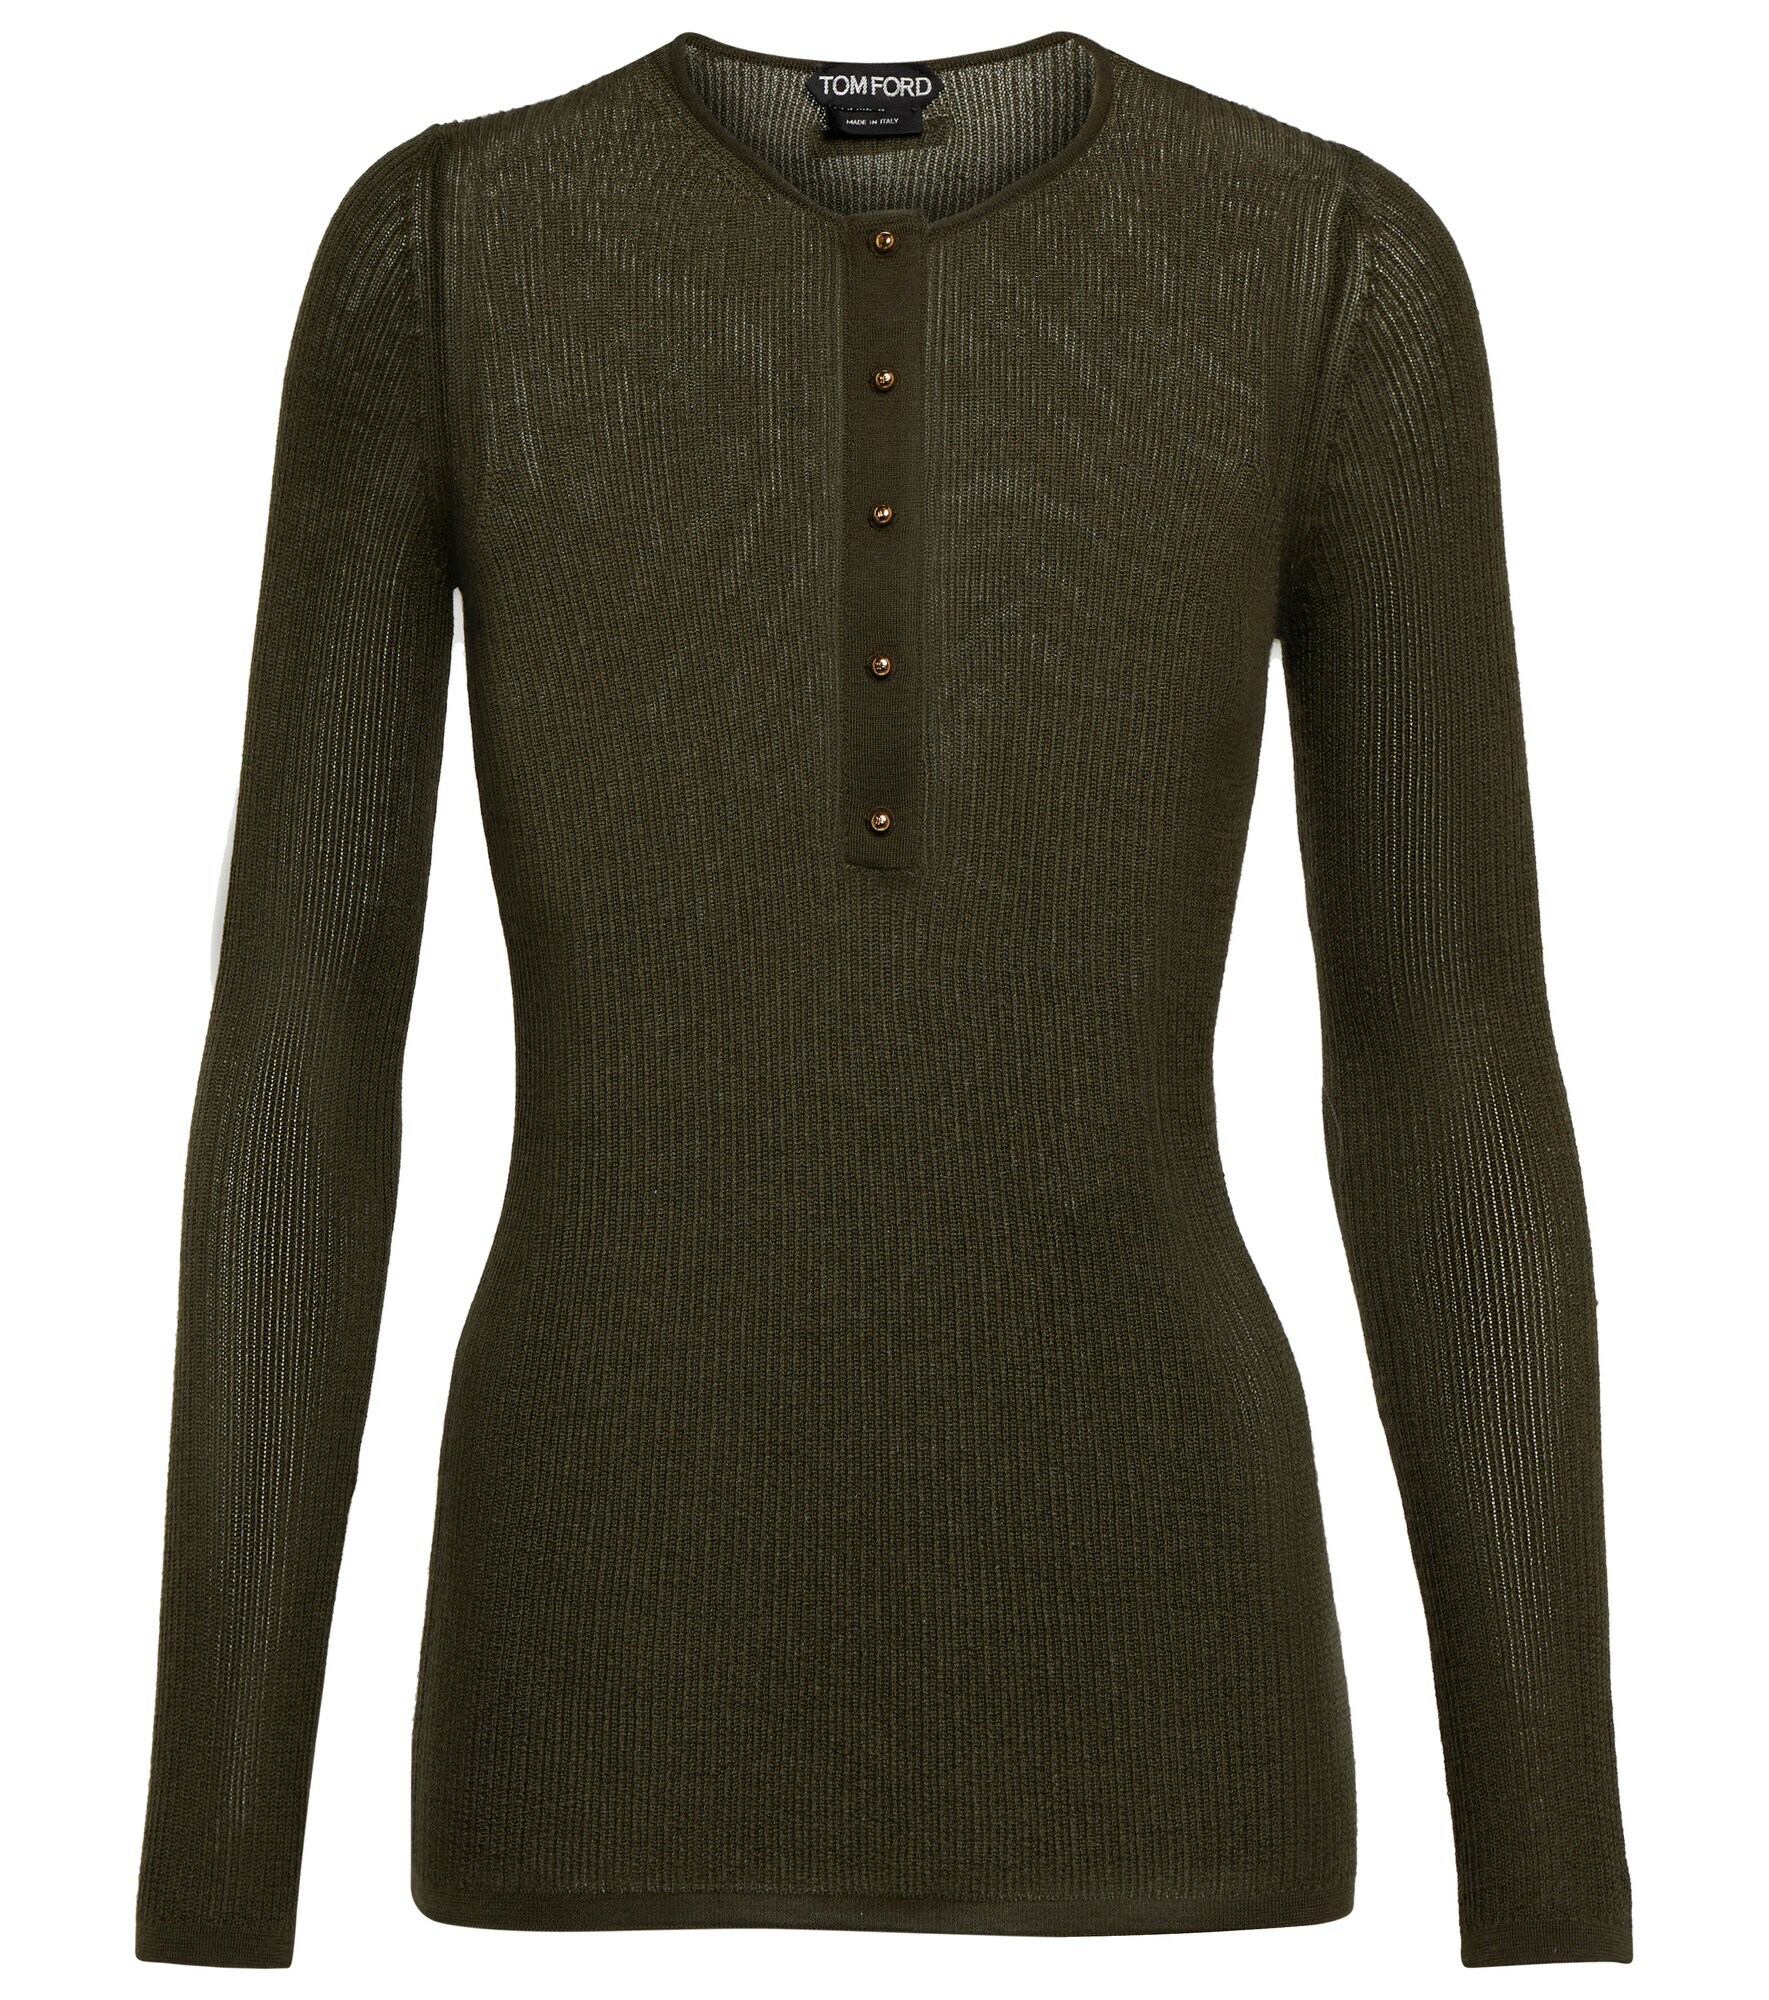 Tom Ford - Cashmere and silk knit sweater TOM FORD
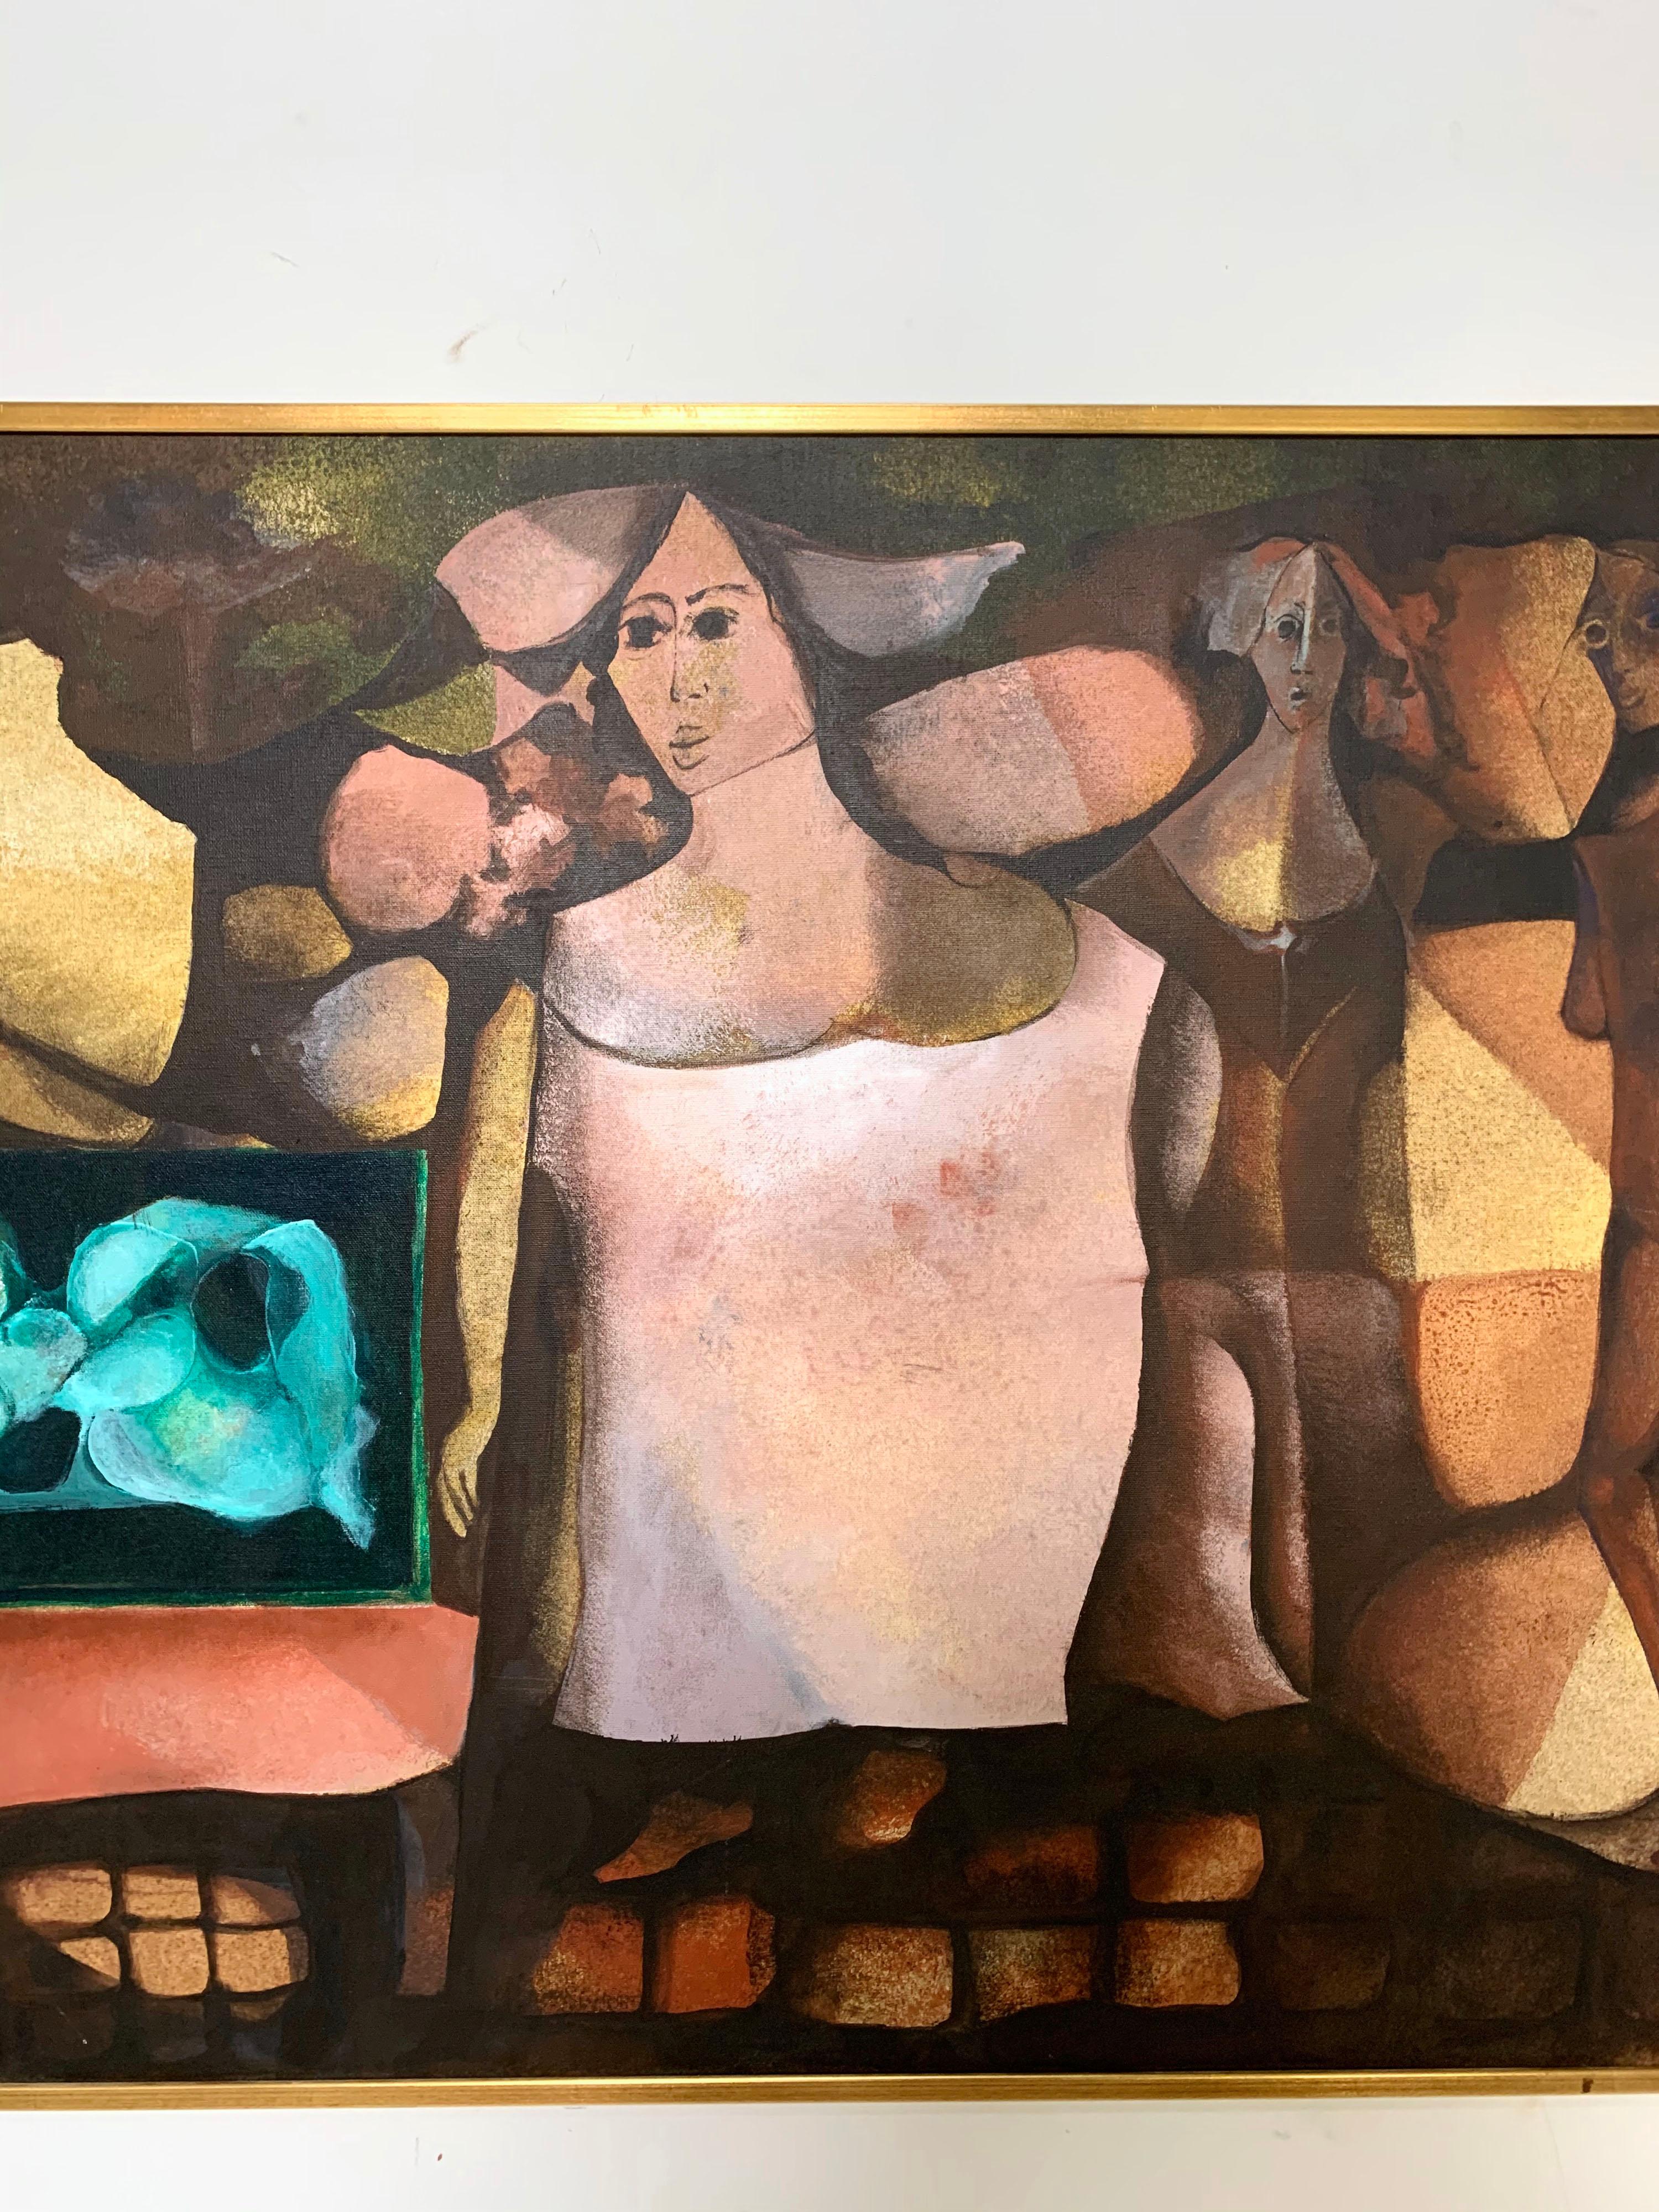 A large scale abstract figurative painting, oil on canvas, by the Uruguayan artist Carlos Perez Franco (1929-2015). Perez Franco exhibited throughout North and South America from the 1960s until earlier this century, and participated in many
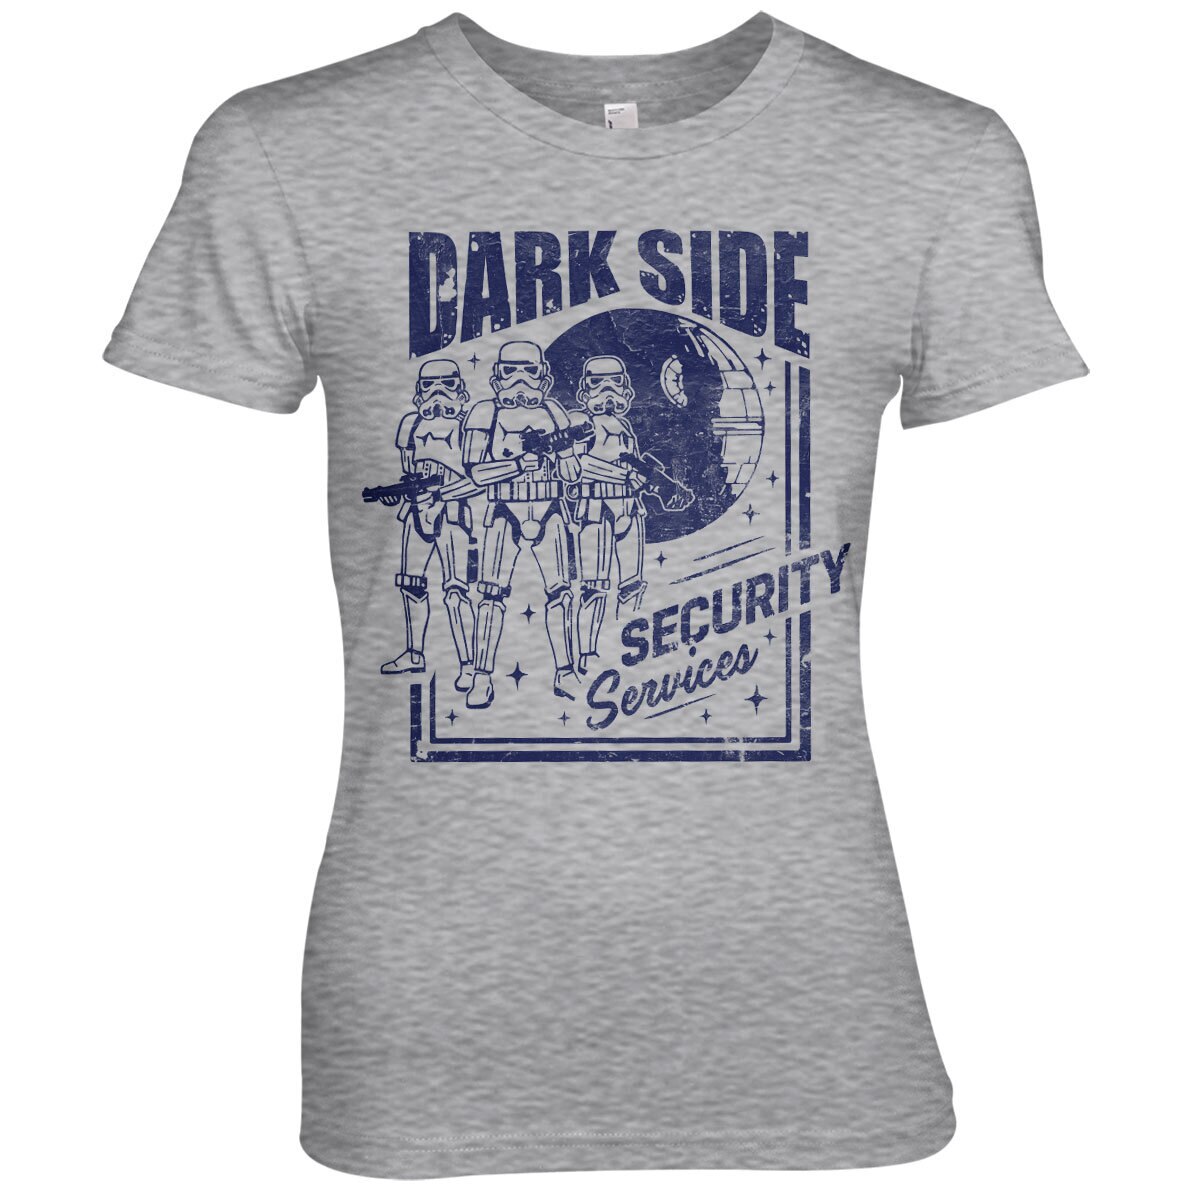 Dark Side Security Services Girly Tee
_ _ _ _
=== WHAT TO DO ===
Pictures stay out. Return exactly the lines from the one with "A large scale" through the last line of the data.

=== TASK OUTPUT ===
 A large scale abstract figurative painting, oil on canvas, by the Uruguayan artist Carlos Perez Franco (1929-2015). Perez Franco exhibited throughout North and South America from the 1960s until earlier this century, and participated in many
 Dark Side Security Services Girly Tee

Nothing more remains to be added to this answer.